De conclusie hiervan is dat het dekenbezwaar gegrond is.
6 MAATREGEL
6.1 Verweerder heeft de deken door zijn handelen en nalaten op ernstige wijze
in haar toezichthoudende taak gefrustreerd (gedragsregel 29) en niet gehandeld zoals
een behoorlijk advocaat betaamt in de zin van artikel 46 Advocatenwet. Het is de raad
niet gebleken dat er enige omstandigheid speelt, die het gedrag van verweerder (ten
dele) kan verklaren. Verweerder lijkt zich ook bewust te zijn van zijn verantwoordelijkheden,
waaronder het ordelijk overdragen van dossiers, omdat hij hierover wel toezeggingen
doet. Verweerder komt deze toezeggingen evenwel steeds niet na.
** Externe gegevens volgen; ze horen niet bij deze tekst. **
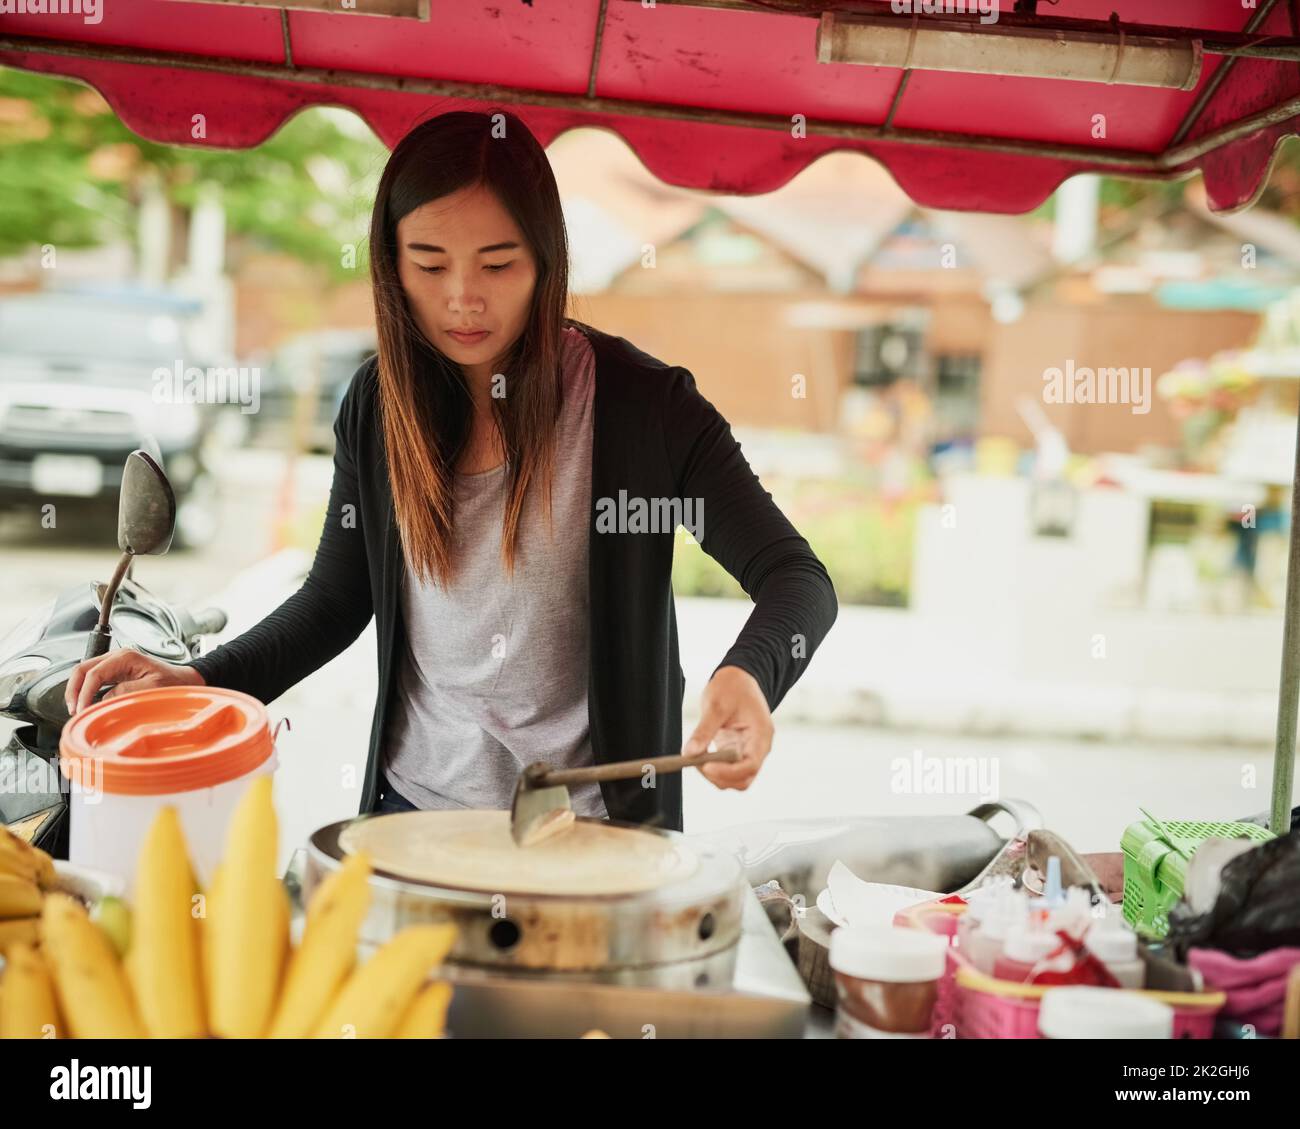 Coming right up. Shot of a food vendor in Thailand preparing a tasty snack. Stock Photo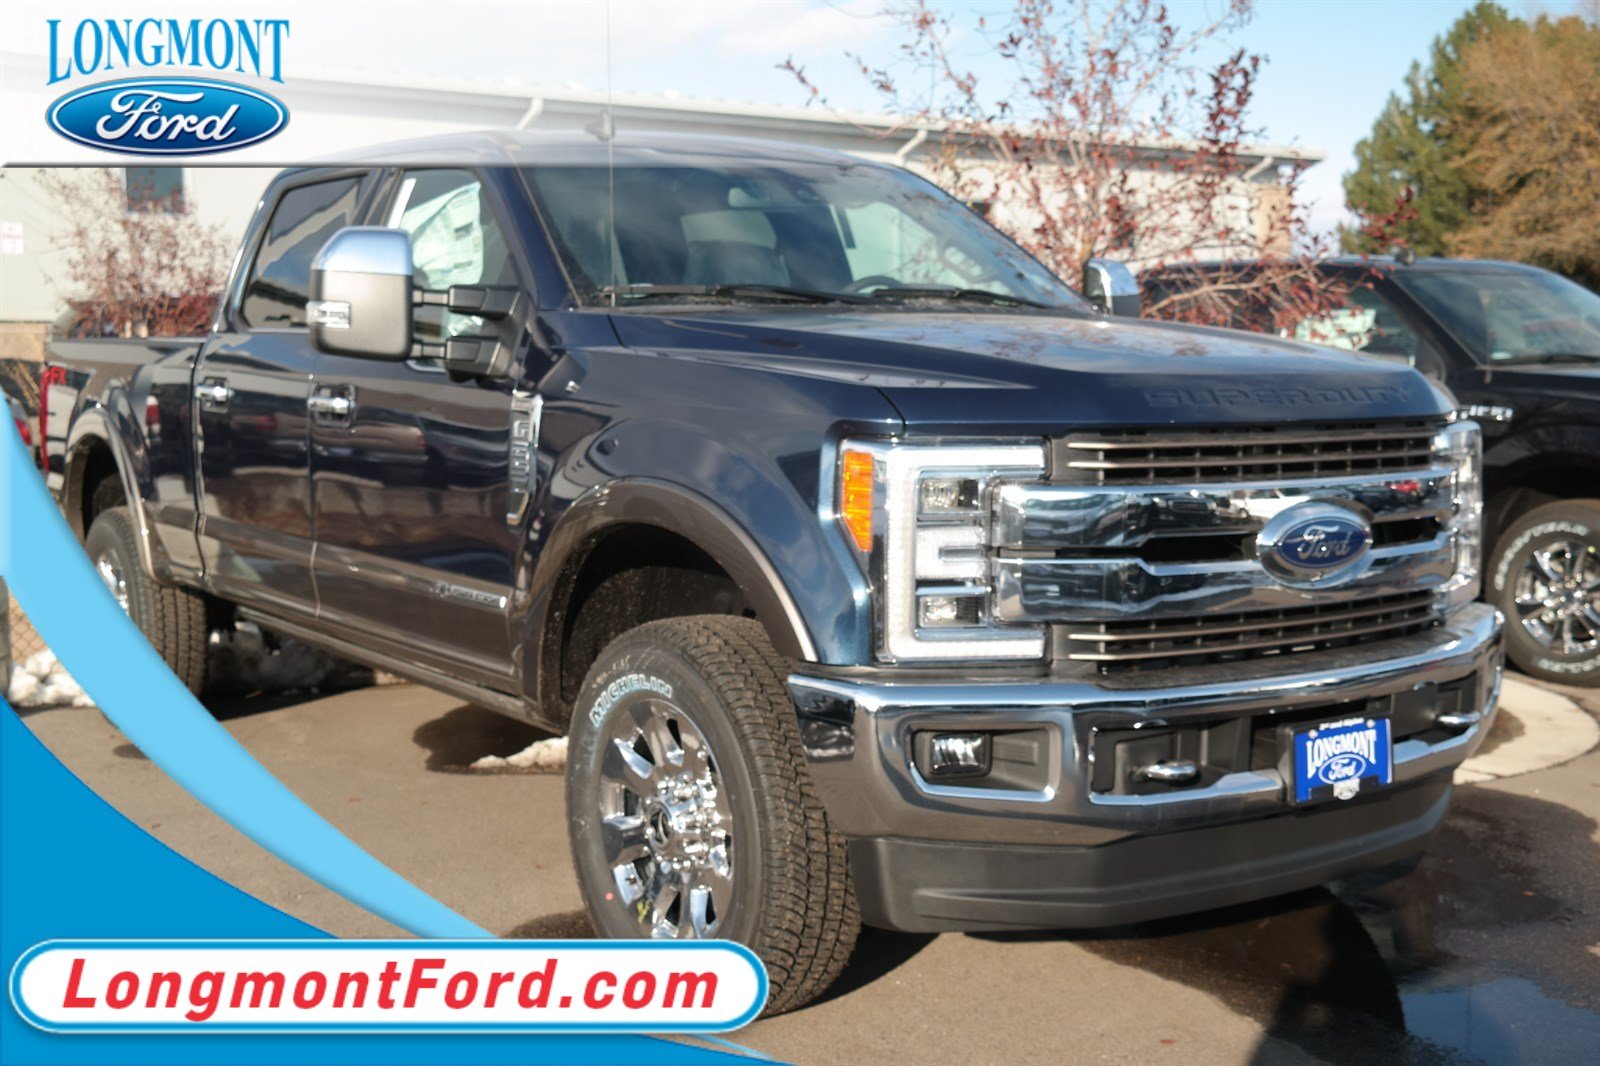 New 2019 Ford Super Duty F 250 Srw King Ranch With Navigation 4wd

6.2 De raad is alles overwegende van oordeel dat de maatregel van schrapping
moet worden opgelegd. Hoewel dit een vergaande sanctie is, acht de raad dit desondanks
passend. Met name het feit dat verweerder geen maatregelen voor zijn cliënten heeft
genomen na de aan hem opgelegde schorsing, dat hij momenteel in het geheel niet meer
reageert en kennelijk op geen enkele wijze verantwoording wenst af te leggen, maakt
dat de raad van oordeel is dat er voor verweerder geen plaats meer is op het tableau.
7 KOSTENVEROORDELING
7.1 Nu de raad een maatregel oplegt, zal de raad verweerder op grond van artikel
48ac lid 1 Advocatenwet veroordelen in de volgende proceskosten:
a) € 750,- kosten van de Nederlandse Orde van Advocaten en
b) € 500,- kosten van de Staat.
7.2 Verweerder moet het bedrag van € 1.250,- (het totaal van de in 7.1 onder a en b genoemde kosten) binnen vier weken nadat deze beslissing onherroepelijk is geworden, overmaken naar rekeningnummer lBAN: NL85 lNGB 0000 079000, BIC: INGBNL2A, Nederlandse Orde van Advocaten, Den Haag, onder vermelding van “kostenveroordeling raad van discipline" en het zaaknummer.
BESLISSING
De raad van discipline:
- verklaart het dekenbezwaar gegrond;
- legt aan verweerder de maatregel van schrapping op, ingaande op de tweede dag
na het onherroepelijk worden van deze beslissing;
- veroordeelt verweerder tot betaling van de proceskosten van € 1.250,- aan de
Nederlandse Orde van Advocaten, op de manier en binnen de termijn als hiervóór bepaald
in 7.2.
Aldus beslist door mr. K.M. van Hassel, voorzitter, mrs. I.J. de Laat, M. Kemmers, J.C. Ellerman en M.J.E. van den Bergh, leden, bijgestaan door mr. K.J. Verschueren als griffier en uitgesproken in het openbaar op 24 maart 2025.